- Provided records -
- - -

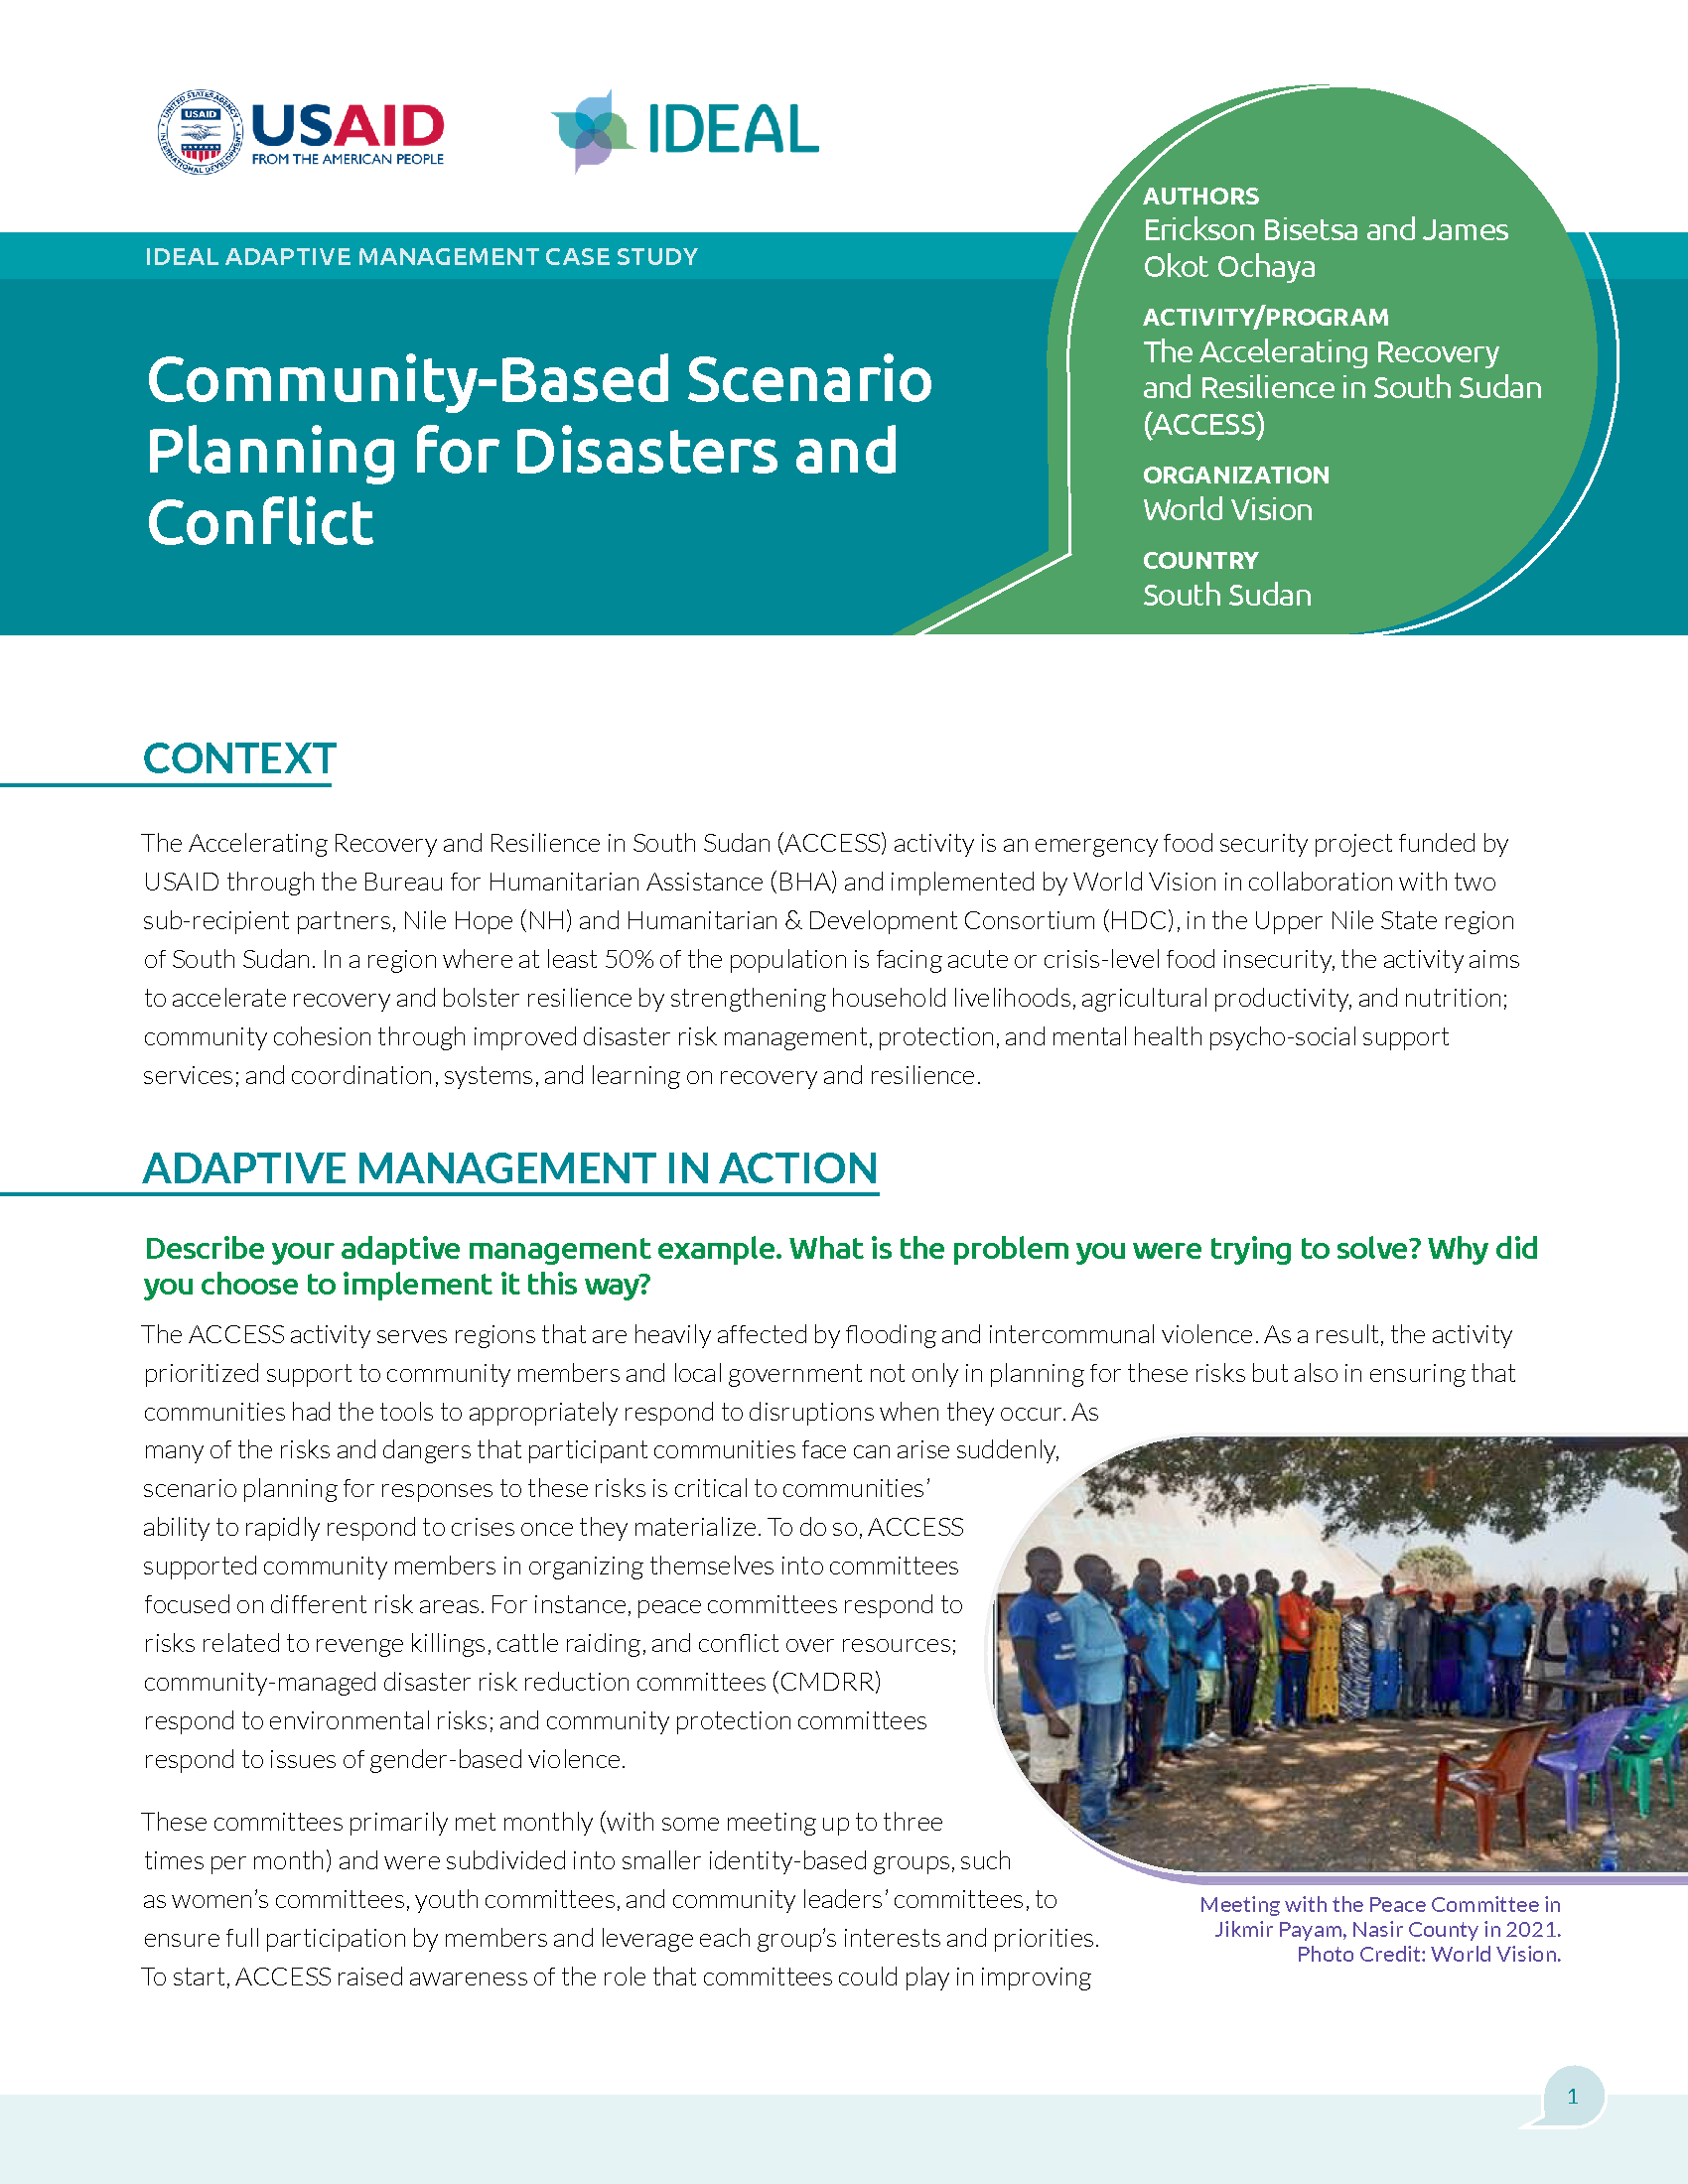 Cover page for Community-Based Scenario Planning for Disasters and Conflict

- - -

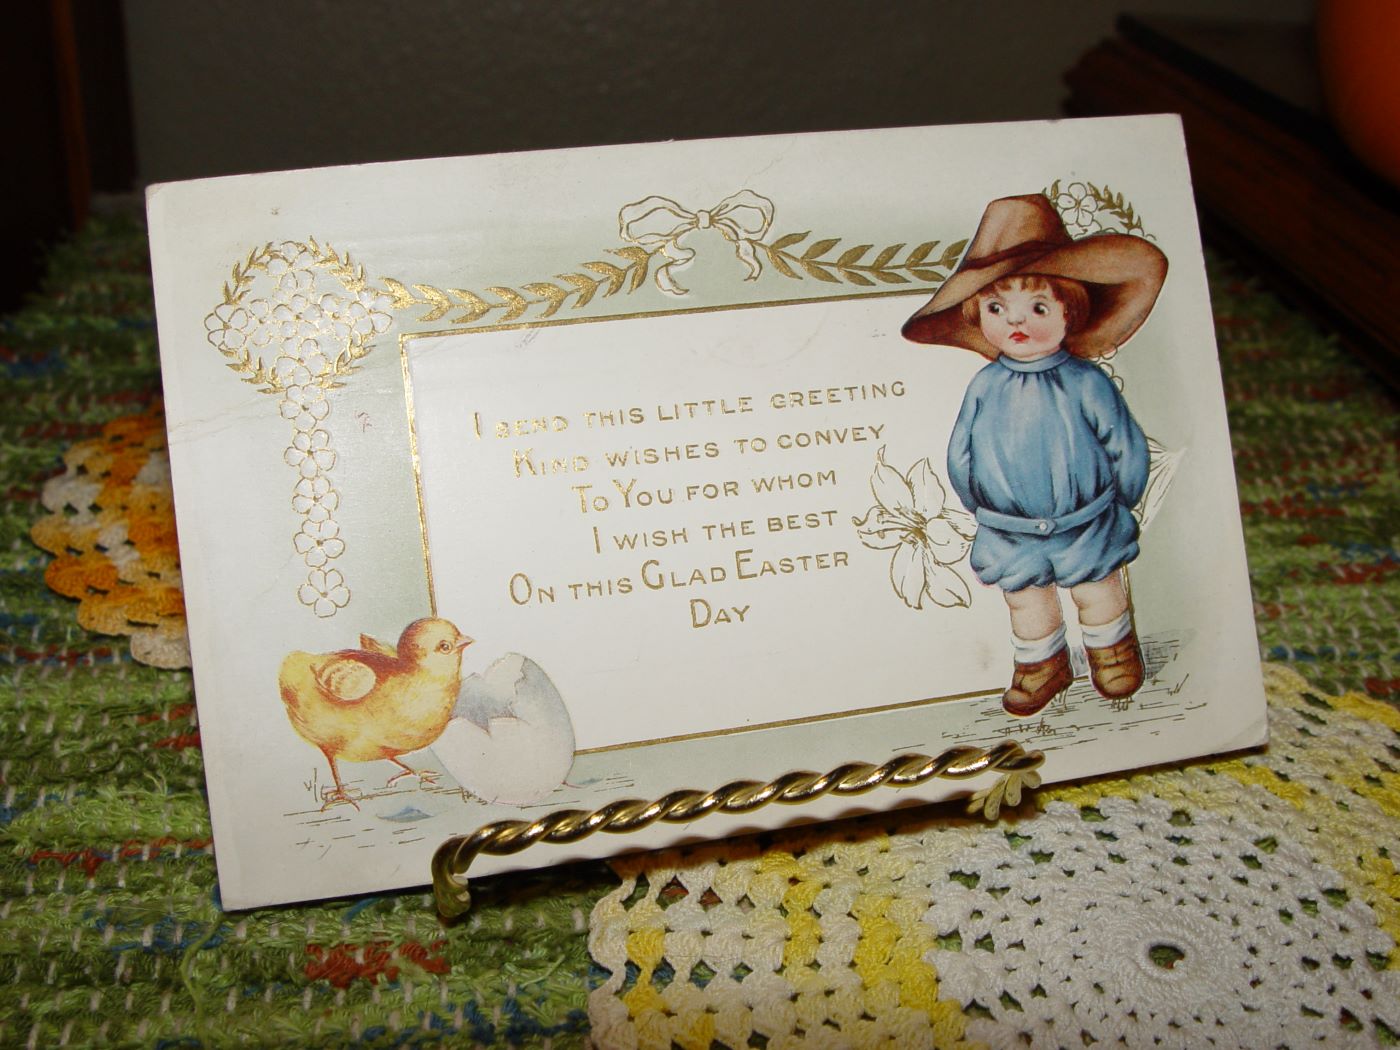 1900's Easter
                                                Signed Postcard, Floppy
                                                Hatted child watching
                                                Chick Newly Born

- - -

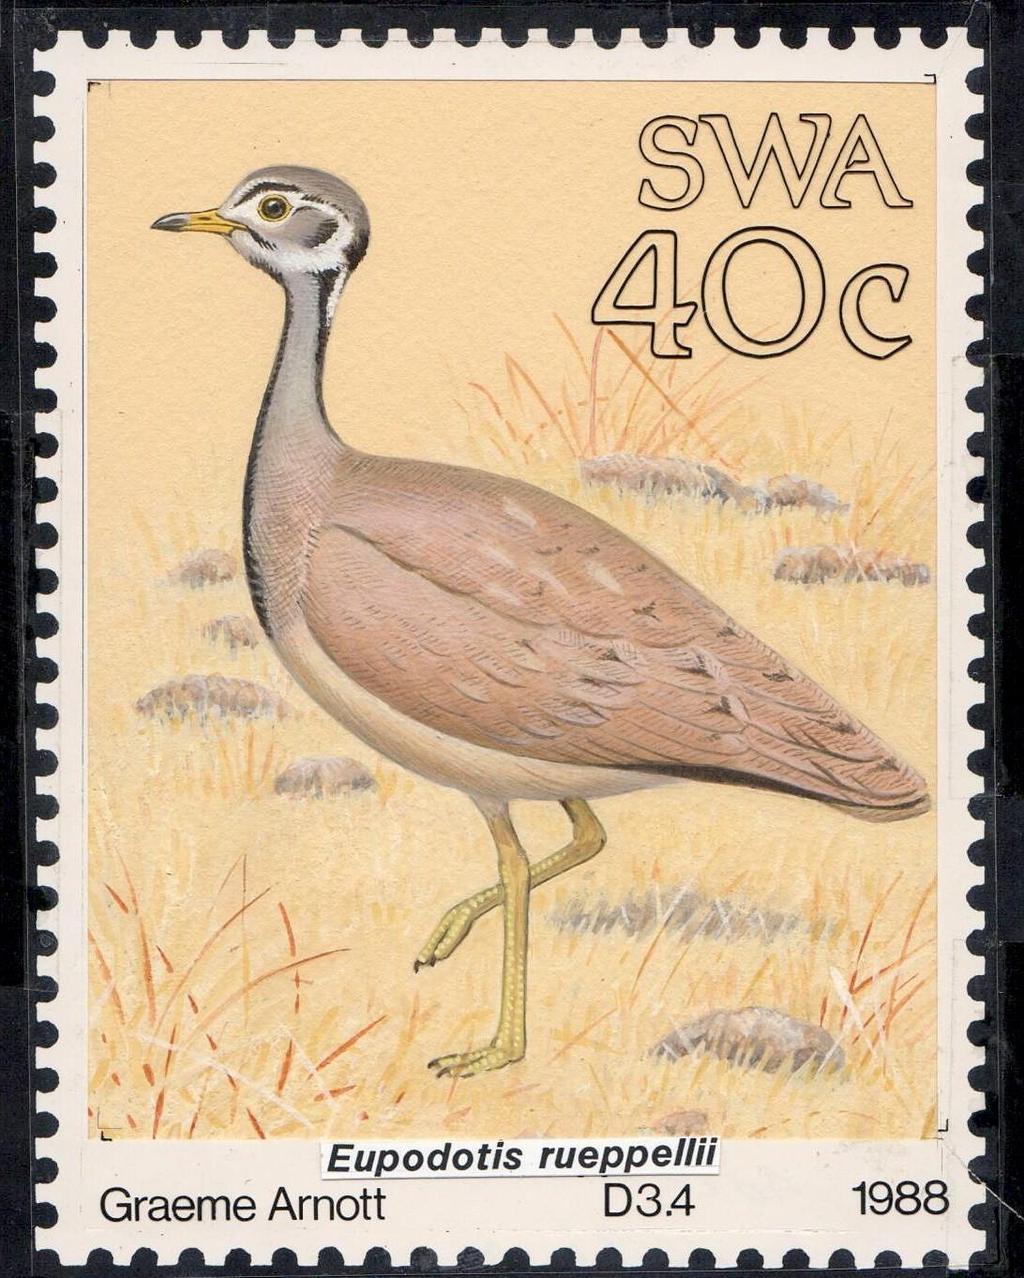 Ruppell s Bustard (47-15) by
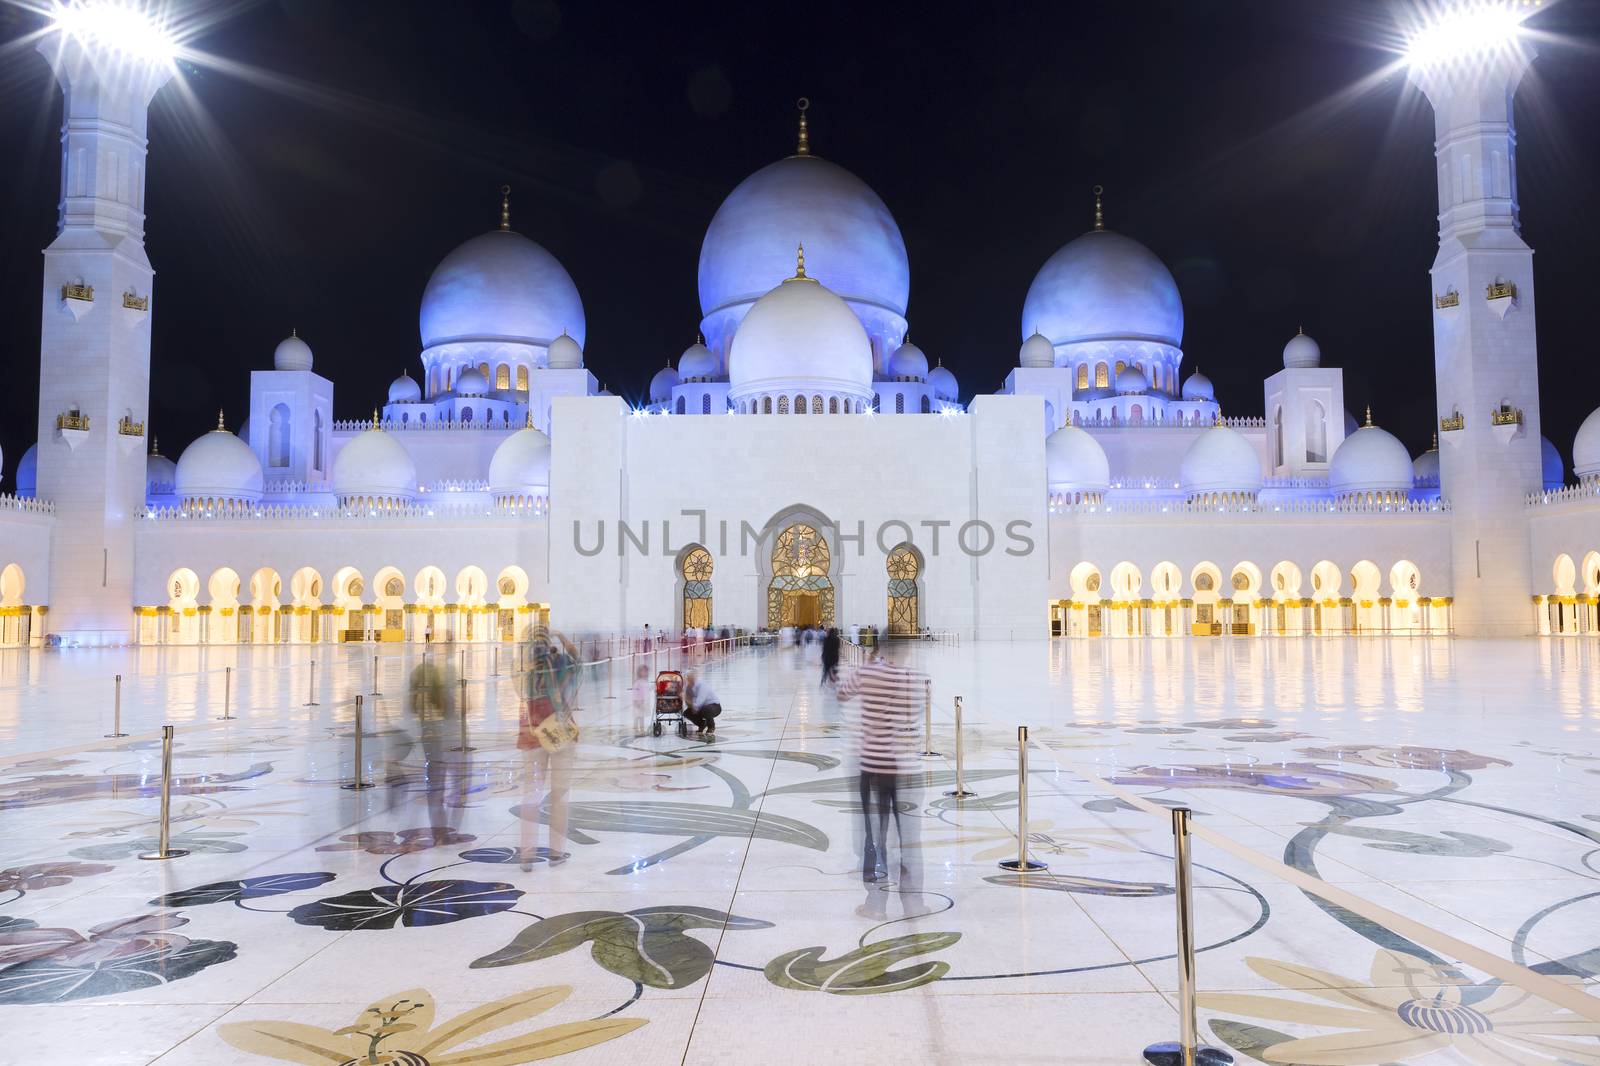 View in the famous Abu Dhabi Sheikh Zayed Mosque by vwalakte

- - -

- Task brief -
Nothing but the lines above, starting at the line that contains "Ruppell s Bustard (47-15) by" and ending at the line that contains "View in the", should be given again, exactly and without the pictures.

- Task solution -
 Ruppell s Bustard (47-15) by
 View in the famous Abu Dhabi Sheikh Zayed Mosque by vwalakte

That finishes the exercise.